## EXERCISE
Every line below from the one with "100 million websites" through the one with "(Bécsi kapu tér)</a>" is to be repeated exactly, with no picture among them.

## RECORDS FOR THE TASK
· · ·

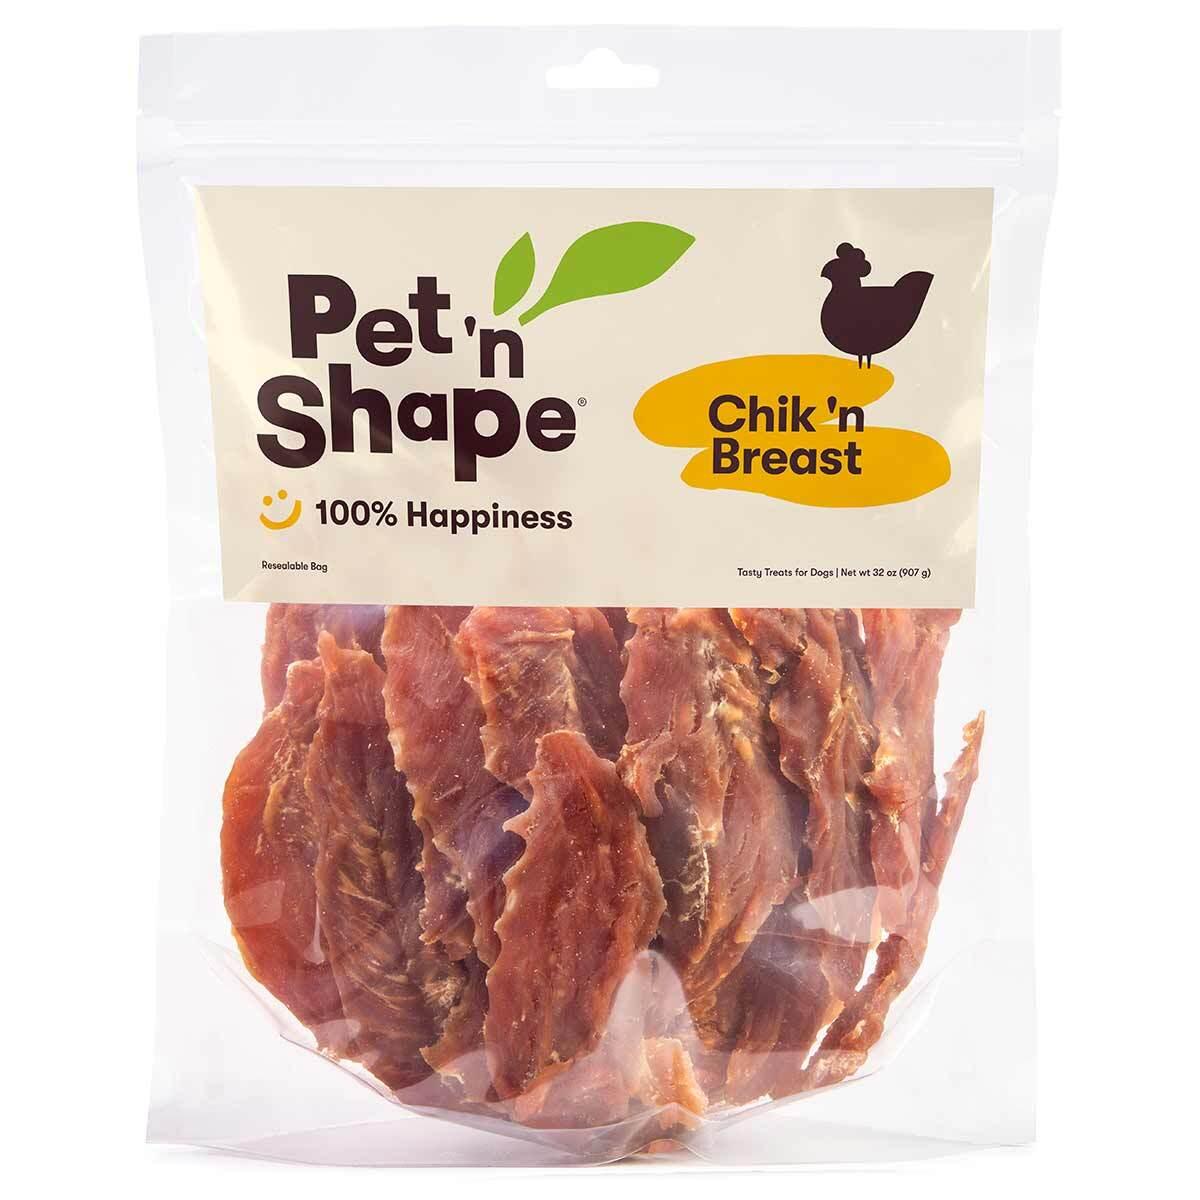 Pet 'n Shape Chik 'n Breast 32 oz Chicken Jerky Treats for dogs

· · ·

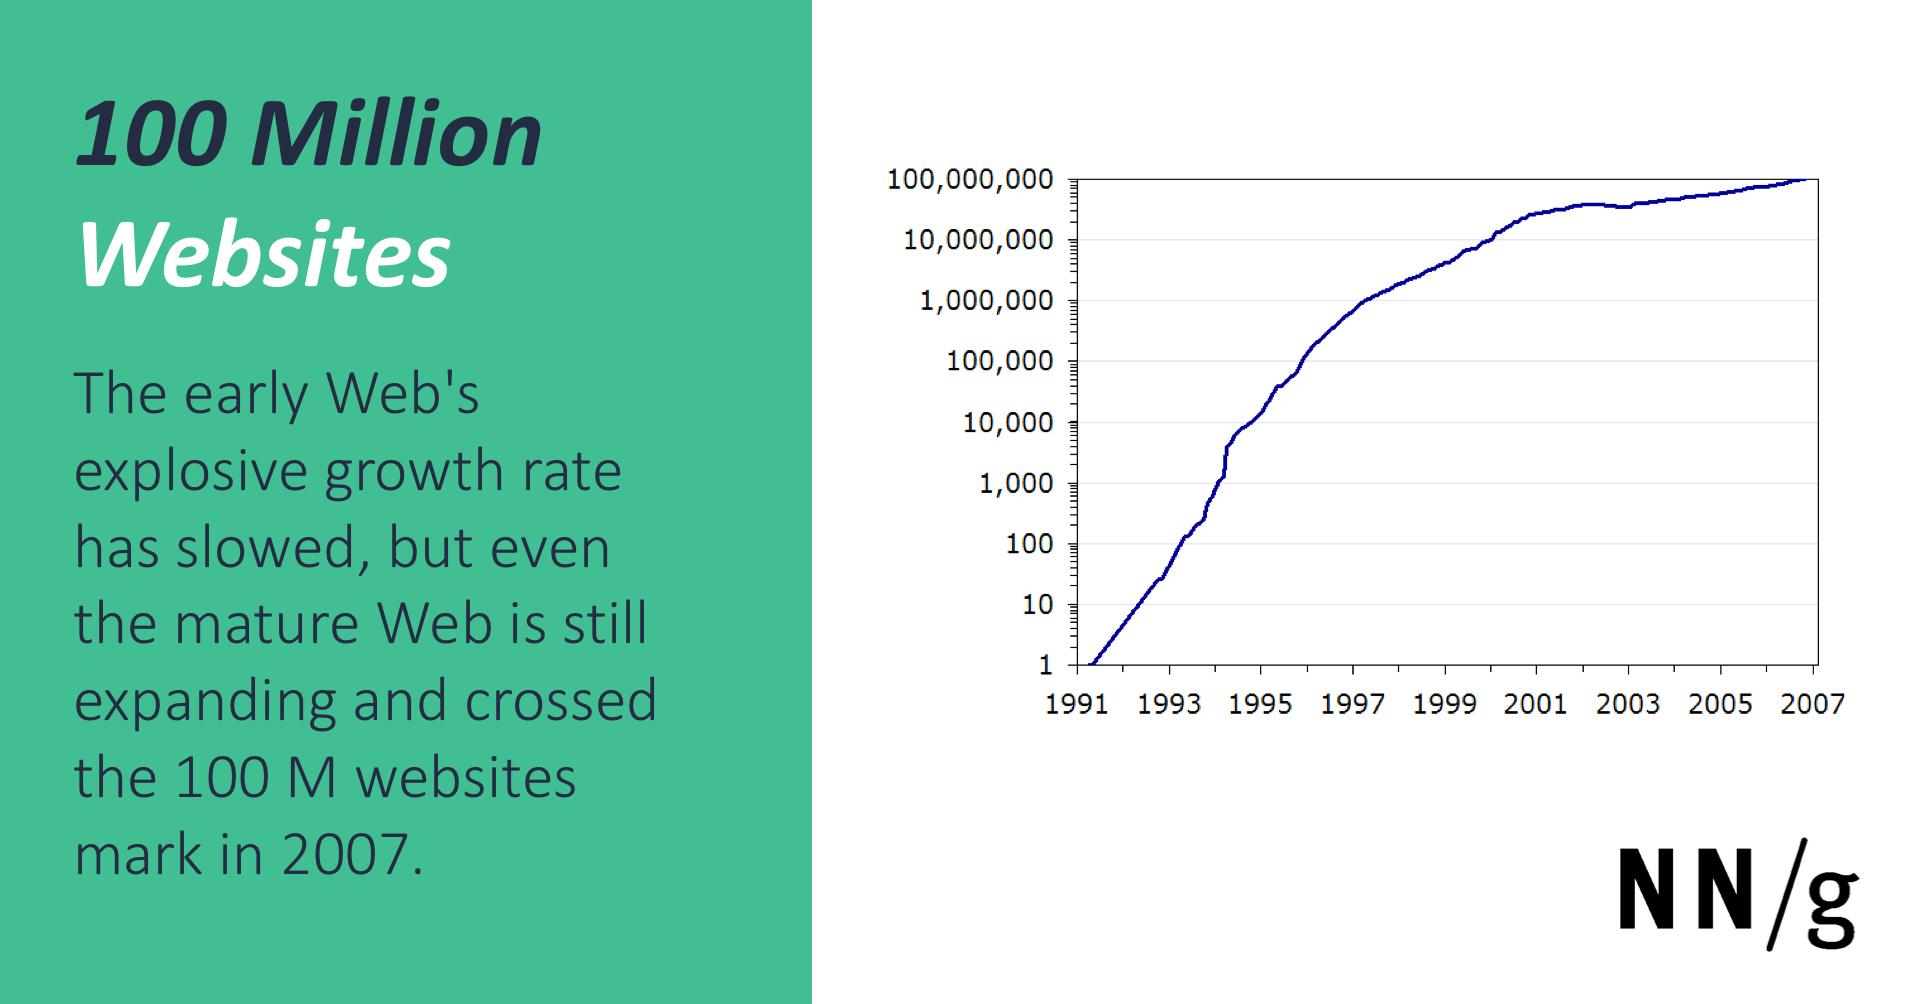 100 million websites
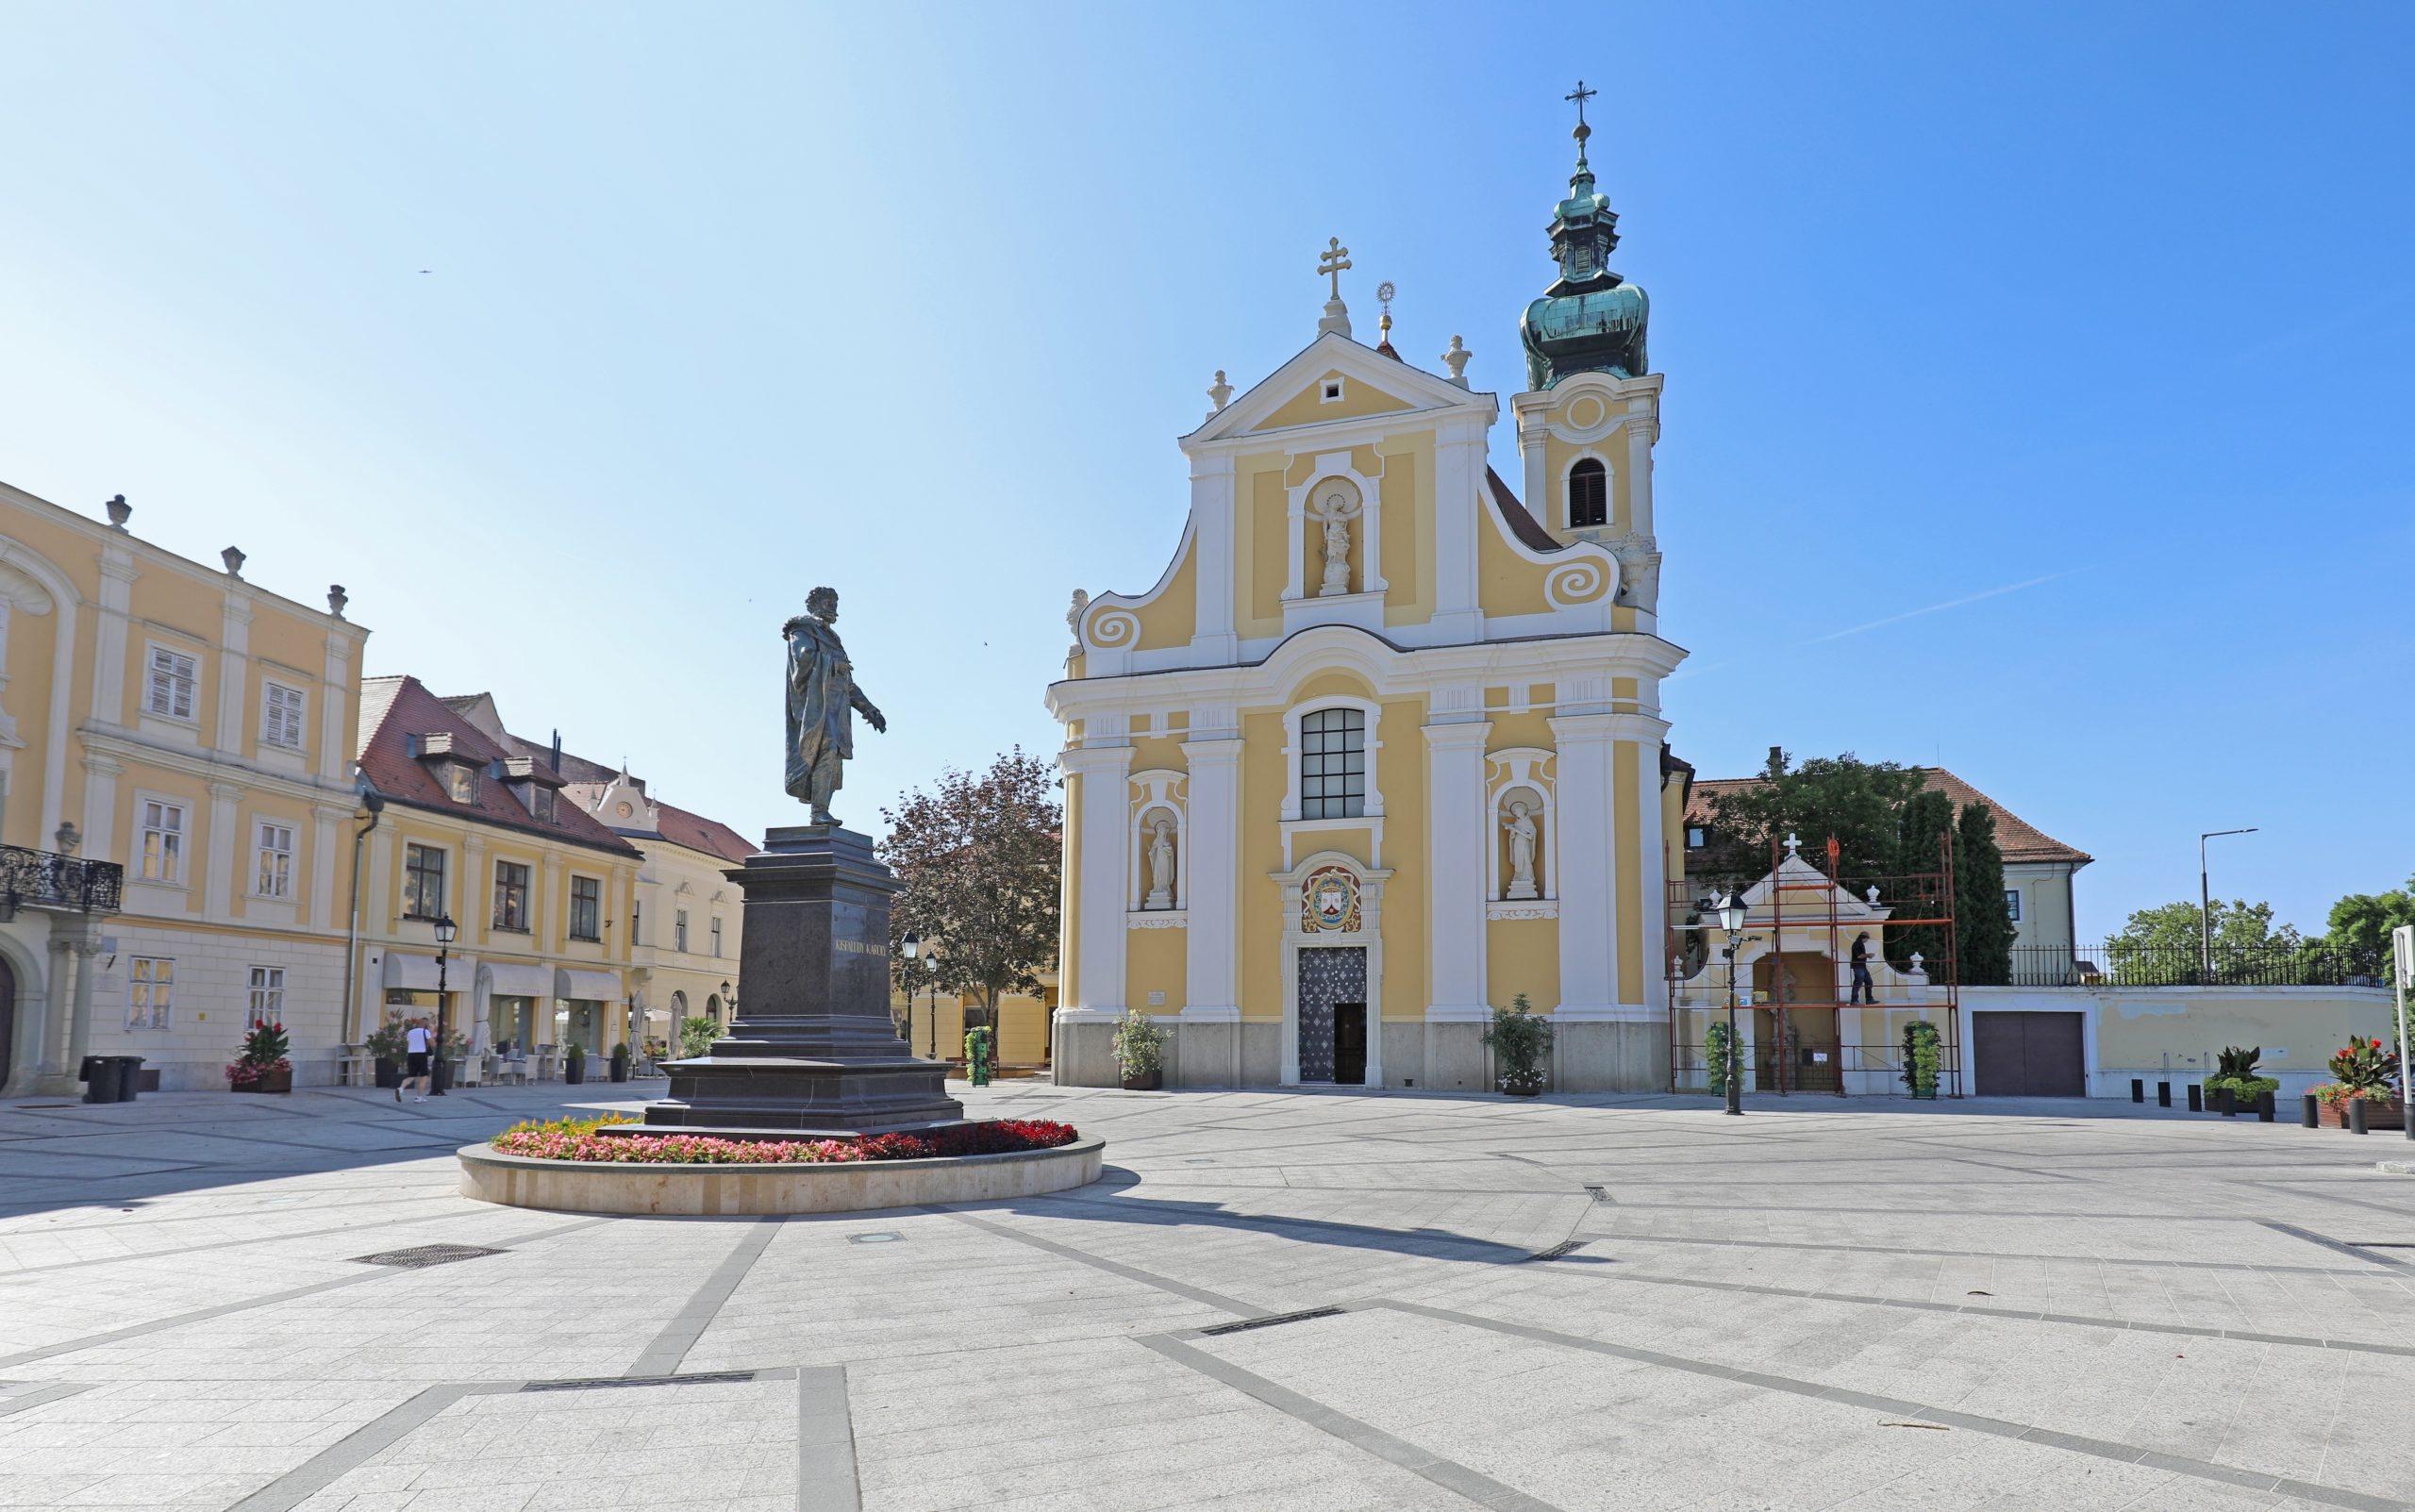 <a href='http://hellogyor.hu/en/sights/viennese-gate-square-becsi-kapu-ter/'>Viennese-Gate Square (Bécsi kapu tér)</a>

· · ·

## WRITTEN SOLUTION
 100 million websites
 <a href='http://hellogyor.hu/en/sights/viennese-gate-square-becsi-kapu-ter/'>Viennese-Gate Square (Bécsi kapu tér)</a>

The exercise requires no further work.